Summary — SB 1350: Water and Sewer Public Utility Environmental Compliance Cost Recovery

Status
- Bill: SB 1350 (Utilities — Cost Recovery)
- Subject: Adds a new cost-recovery mechanism for regulated water and sewer public utilities
- Sponsor / Related: Companion bill HB 4405; primary sponsor listed as Saud Anwar
- Legislative status (as provided): Passed both houses, signed by the governor 06/20/2025; listed effective date 09/01/2025. (Bill text also states “effective immediately”; the legislative actions record an effective date of 9/1/2025.)
- Repeal: Statutory provisions created by the bill are explicitly repealed on January 1, 2031 (time-limited authority).

Purpose and intent
- Allow regulated water and sewer utilities to recover, via Commission‑authorized surcharges, costs and capital investments necessary to comply with environmental requirements (statutes, rules, permits or permit terms) addressing contaminants such as PFAS (per‑ and polyfluoroalkyl substances), cyanotoxins, lead and copper, and other emerging chemical contaminants that pose a known or suspected risk to human health or the environment.
- Provide a streamlined, separate recovery mechanism (a surcharge or rider) independent of general rate‑case revenue‑requirement proceedings to accelerate recovery of environmental‑compliance costs.

Key provisions
- Commission authorization: The Illinois Commerce Commission (ICC) must authorize, on petition by a public water or sewer utility, one or more surcharges that adjust customer rates/charges to recover eligible environmental compliance costs or capital investments. Surcharges may provide for prospective recovery.
- Reconciliation: The ICC must periodically initiate hearings to reconcile amounts collected under approved surcharge(s) with the actual prudently incurred recoverable costs for each annual period the surcharge was in effect.
- Rulemaking duties: Within one year of the bill’s effective date the ICC must adopt implementing rules. Required rule topics include:
- Limits on customer bill increases under surcharges and notice requirements to customers;
- Reconciliation, billing, audit and filing requirements;
- Eligibility criteria for infrastructure upgrades and other recoverable costs;
- Application and information requirements, internal audit standards, and any other reporting the Commission needs to evaluate reasonableness/prudence.
- Scope: Applies to public water and sewer utilities regulated by the ICC; the surcharge mechanism is “independent” of other rate‑case elements (i.e., separate rider authority).

Who is affected
- Regulated public water and sewer utilities (investor‑owned and any utilities under ICC jurisdiction).
- Utility ratepayers/customers, who may see separate surcharge line items on bills to cover environmental compliance costs.
- The ICC (new rulemaking and oversight responsibilities).
- Potentially contractors, vendors and infrastructure suppliers engaged in compliance projects.

Potential impacts
- Utilities: Faster, more certain recovery of environmental compliance costs and capital investments (reduces lag compared to full rate cases).
- Ratepayers: Possible near‑term increases in bills via surcharge(s); mitigated by required reconciliations, prudence reviews, and ICC rule‑imposed limits/notice obligations.
- Regulators: Increased administrative workload (rulemaking, periodic reconciliation hearings, audits, reporting).
- Policy horizon: Time‑limited authority through January 1, 2031, enabling temporary, targeted cost‑recovery while regulators and stakeholders evaluate longer‑term approaches.

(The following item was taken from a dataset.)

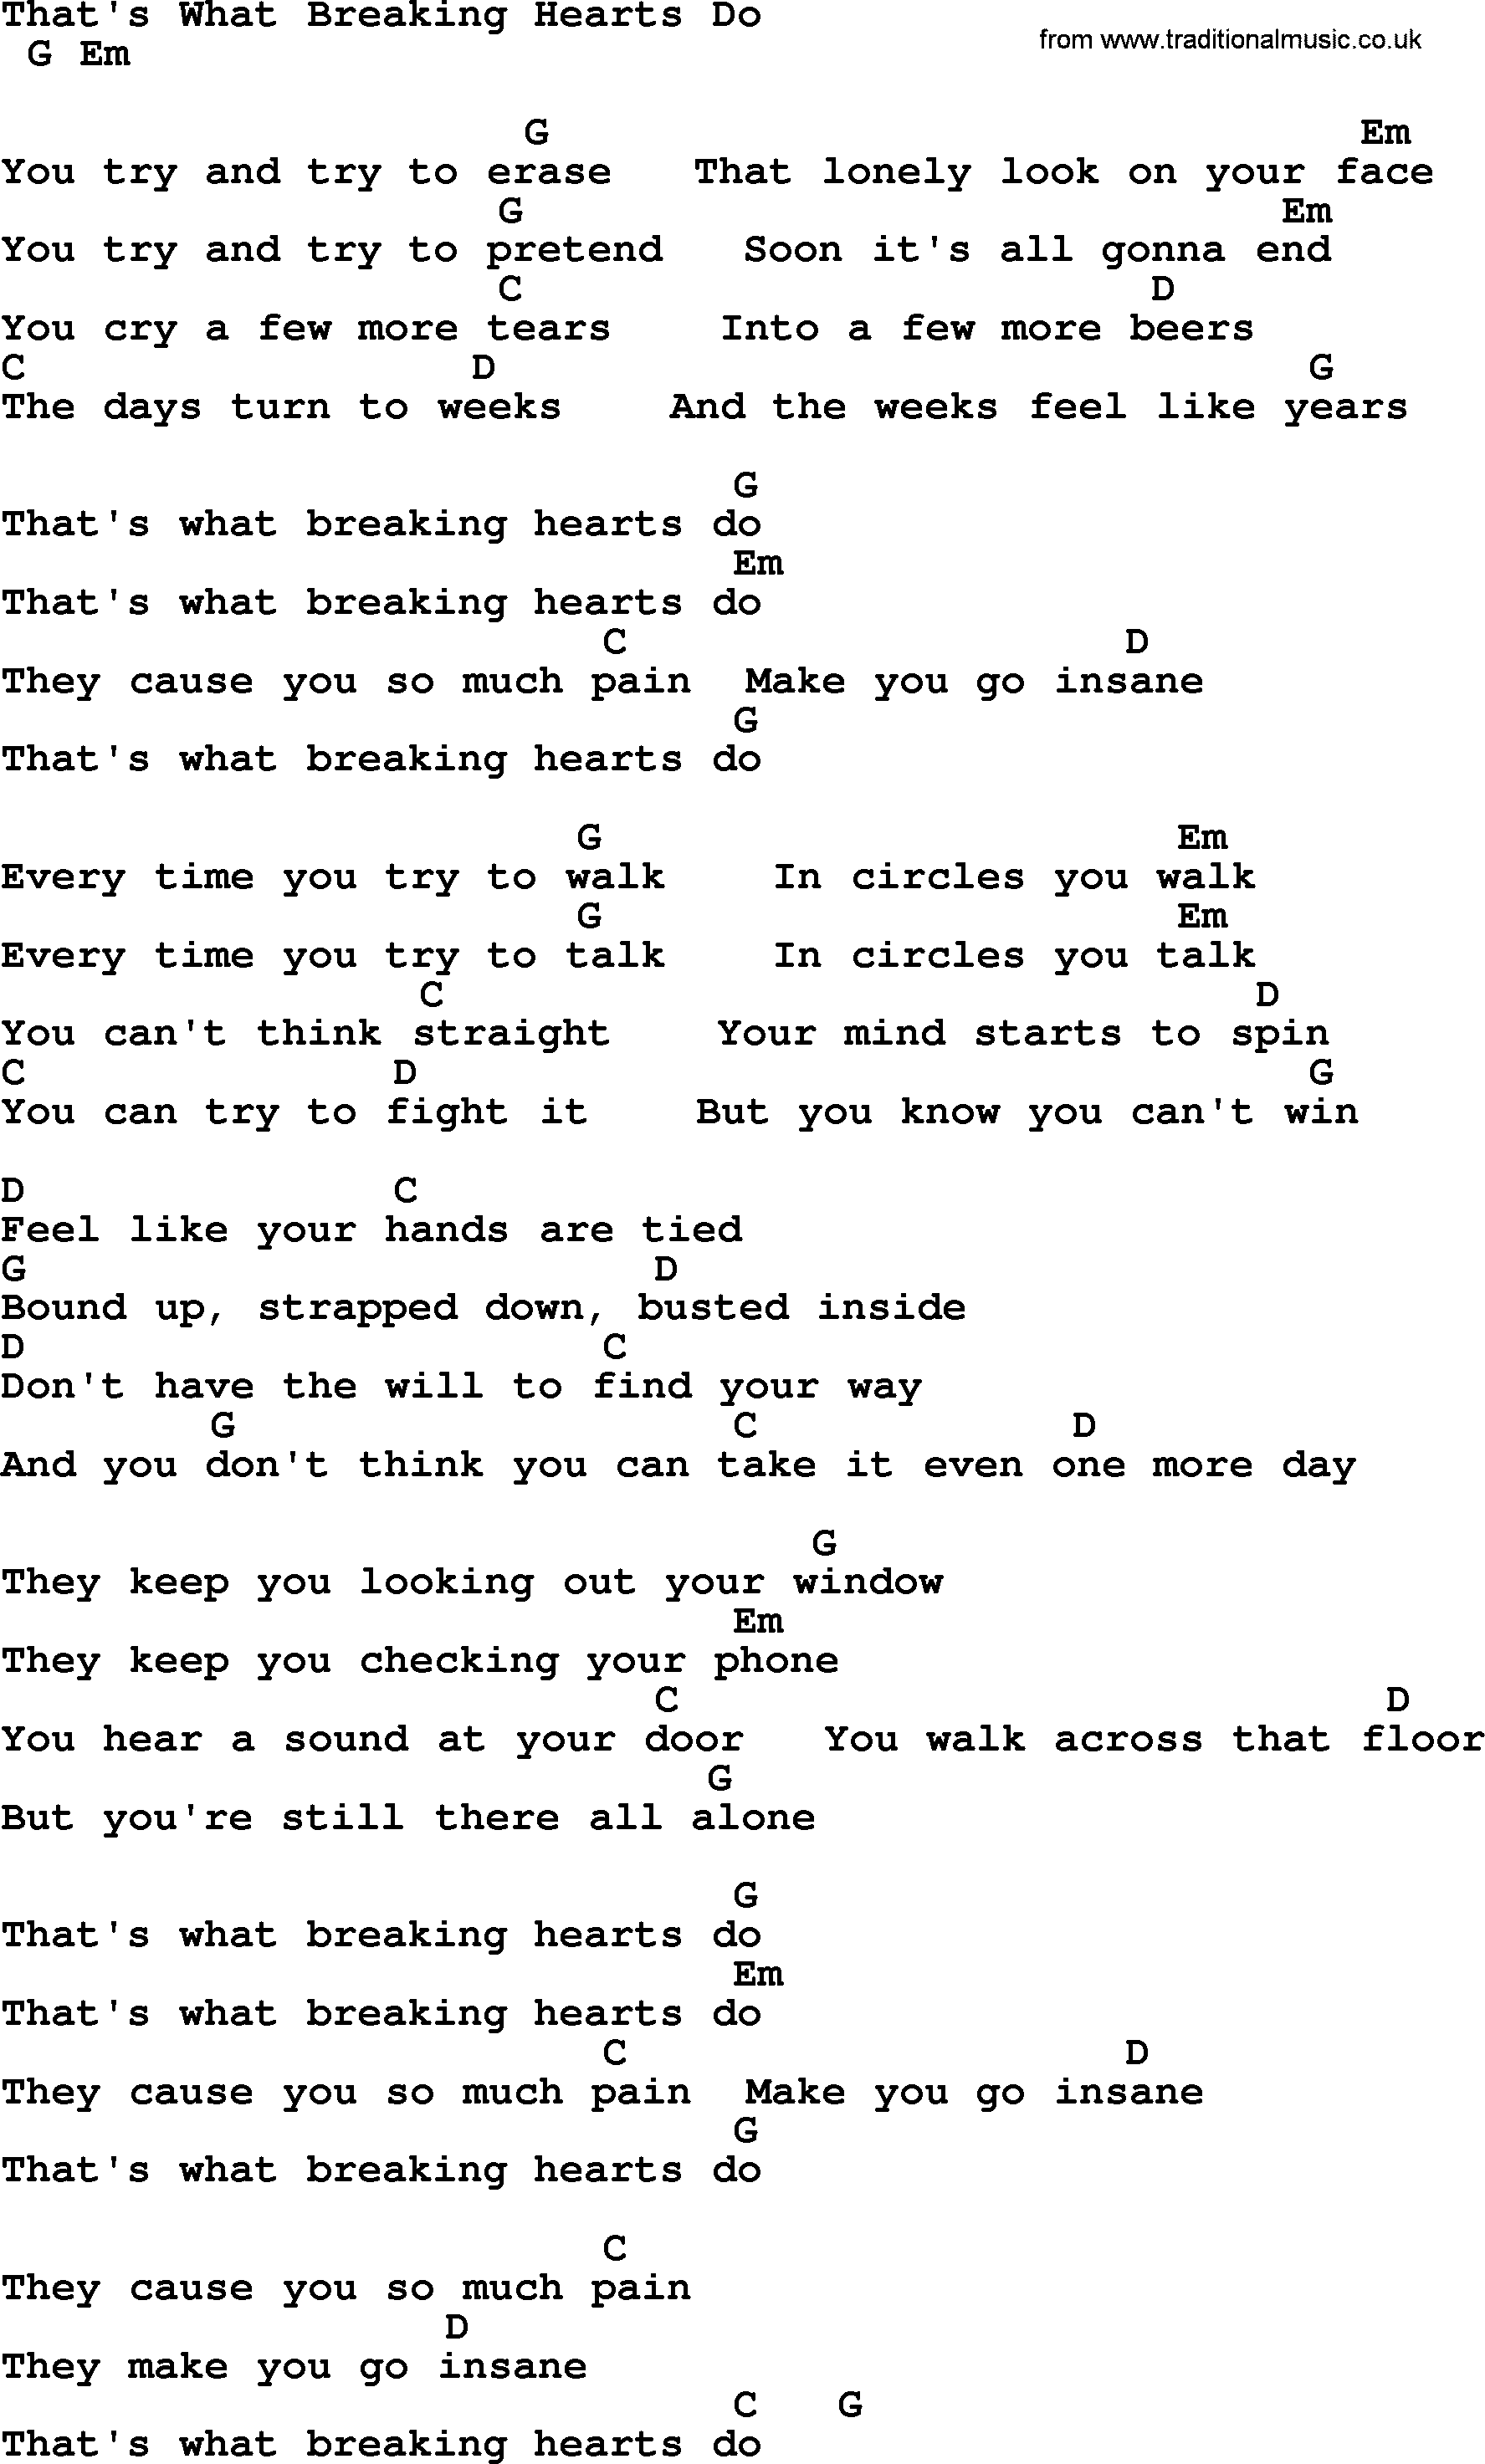 George Strait song: That's What Breaking Hearts Do, lyrics and chords
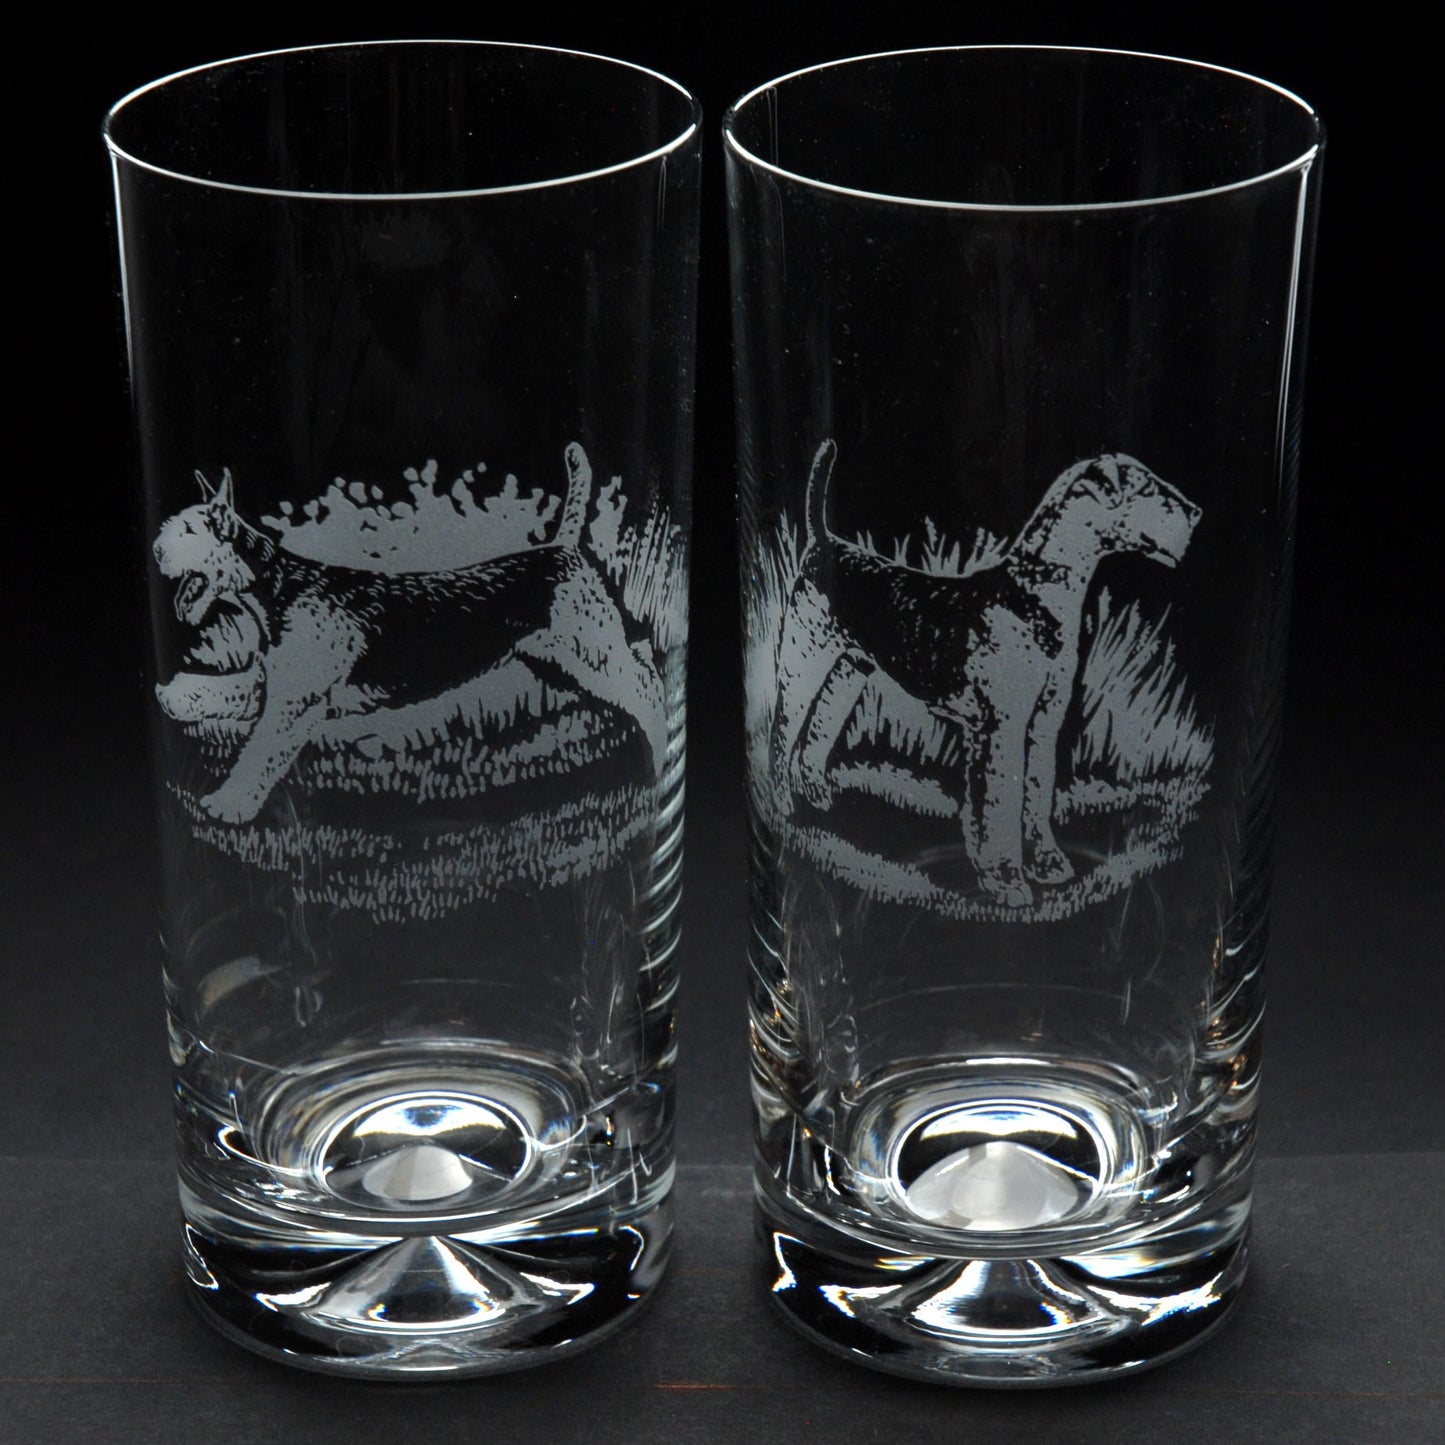 Airedale Terrier Dog Highball Glass - Hand Etched/Engraved Gift

Read‑outs / timeline requirements
- ICC must adopt implementing rules within one year of the bill’s effective date.
- The Commission must conduct periodic annual reconciliations of amounts collected under the surcharge(s).
- The statutory authority created by the bill expires (is repealed) on January 1, 2031.

Compiled from official sources — confirm details with the bill’s official record.